In contrast, the AI miniskirt has faded away, along with the crinoline of flowcharting and the flared trousers of structured analysis, leaving behind a few much-hyped systems which work well enough, as long as some skilled programmers are constantly on hand to maintain their Automatic rules.
Fashion in engineering, then, can cause a colossal waste of resources, at least when it hits the big time.
Are We Fashion Victims?
So, is there a craze on today? In a small way, the name 'requirements engineering' is perhaps a fashionable title, replacing outworn models such as 'systems analysis', 'specification writing', or for that matter 'knowledge engineering'.
But the big craze, the Hula-Hoop Barbie Doll Rubik Cube granddaddy of all engineering fads, is the current fashion for Object-Oriented everything. Even requirements engineering is succumbing to the glitzy message.
All the signs are there: books, conferences, toolkits, marketing hype, research initiatives; the future of programming will be transformed, programs will be written by computers, or at least by idiots who will just click on a couple of icons. Look back at the warning signs, and see for yourself whether they apply.
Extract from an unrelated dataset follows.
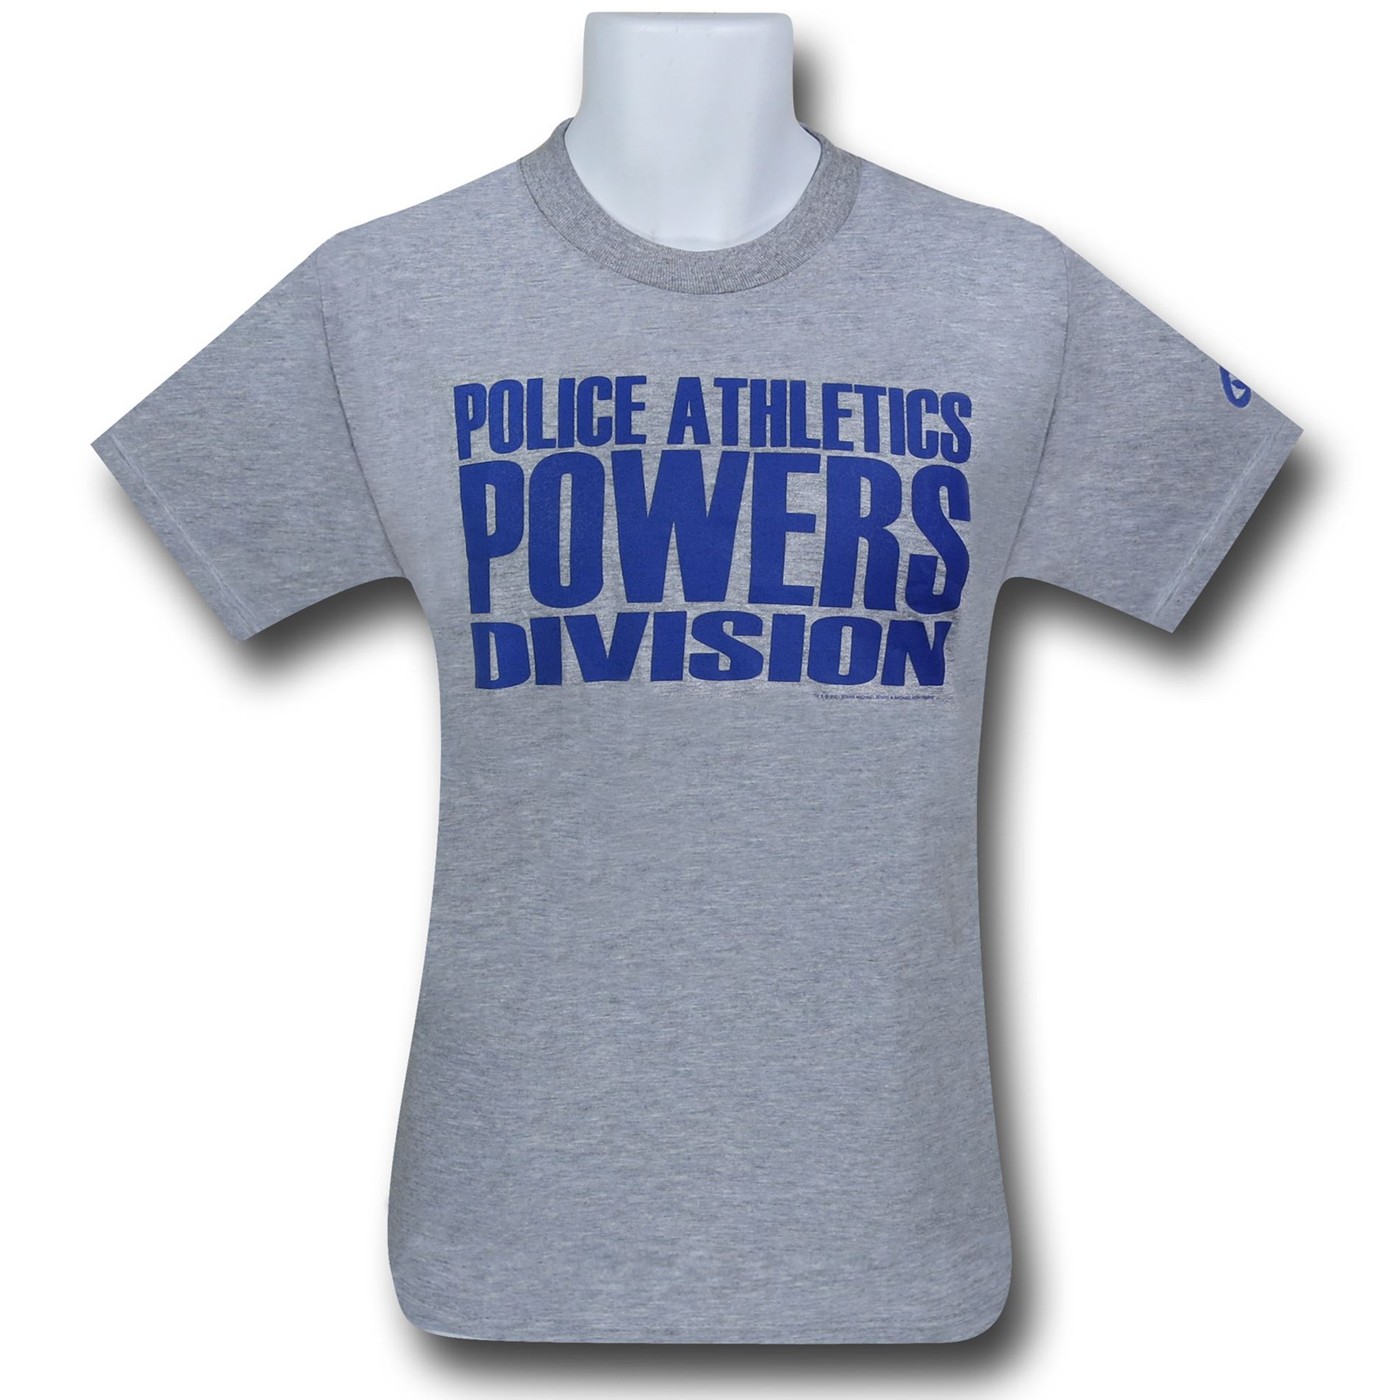 Police Athletic Powers Division T-Shirt

Now, Object-Orientation as a design principle has much going for it, but as a means of eliciting requirements it is at least a doubtful proposition. I am not going to make jokes about customers who send themselves messages to retrieve their telephone numbers, but it cannot be wise to try to identify objects in a system before the problem, which that system might someday address, has even been described. (A classical example identifies a traffic-light object, before we have any idea whether the junction should be bridged, or have a roundabout, or slip-roads, or whatever).
In any case, the burden of proof lies squarely on the shoulders of those who want us to believe that object-orientation might be useful for gathering requirements. That, like the belief that rules can capture all kinds of knowledge, or that the Internet will replace all forms of face-to-face contact, is certainly not a self-evident truth. If a coherent theory can be put together, and if evidence can be found that it works, and if it turns out to have advantages in practice, then we should be convinced.
Our Real Task
The real task of finding out what people are having trouble with in their businesses, of describing it simply and clearly in terms both they and system developers can understand, and of helping them to see their projects through to successful completion, is rather less glamorous. It could do with some quiet and careful thought, serious debate, and measured experimentation. There will always be room for improvements.
But a reflex lunge for the latest jumble of ideas and tools, no matter how elegantly packaged, will not help either us or the clients we claim to be serving. Any tool, technique, or method that helps us to model a problem a little more easily, explain things a little more clearly, or complete a task a little more safely, represents progress. Any approach that claims to do everything in one leap is probably just an engineering fashion.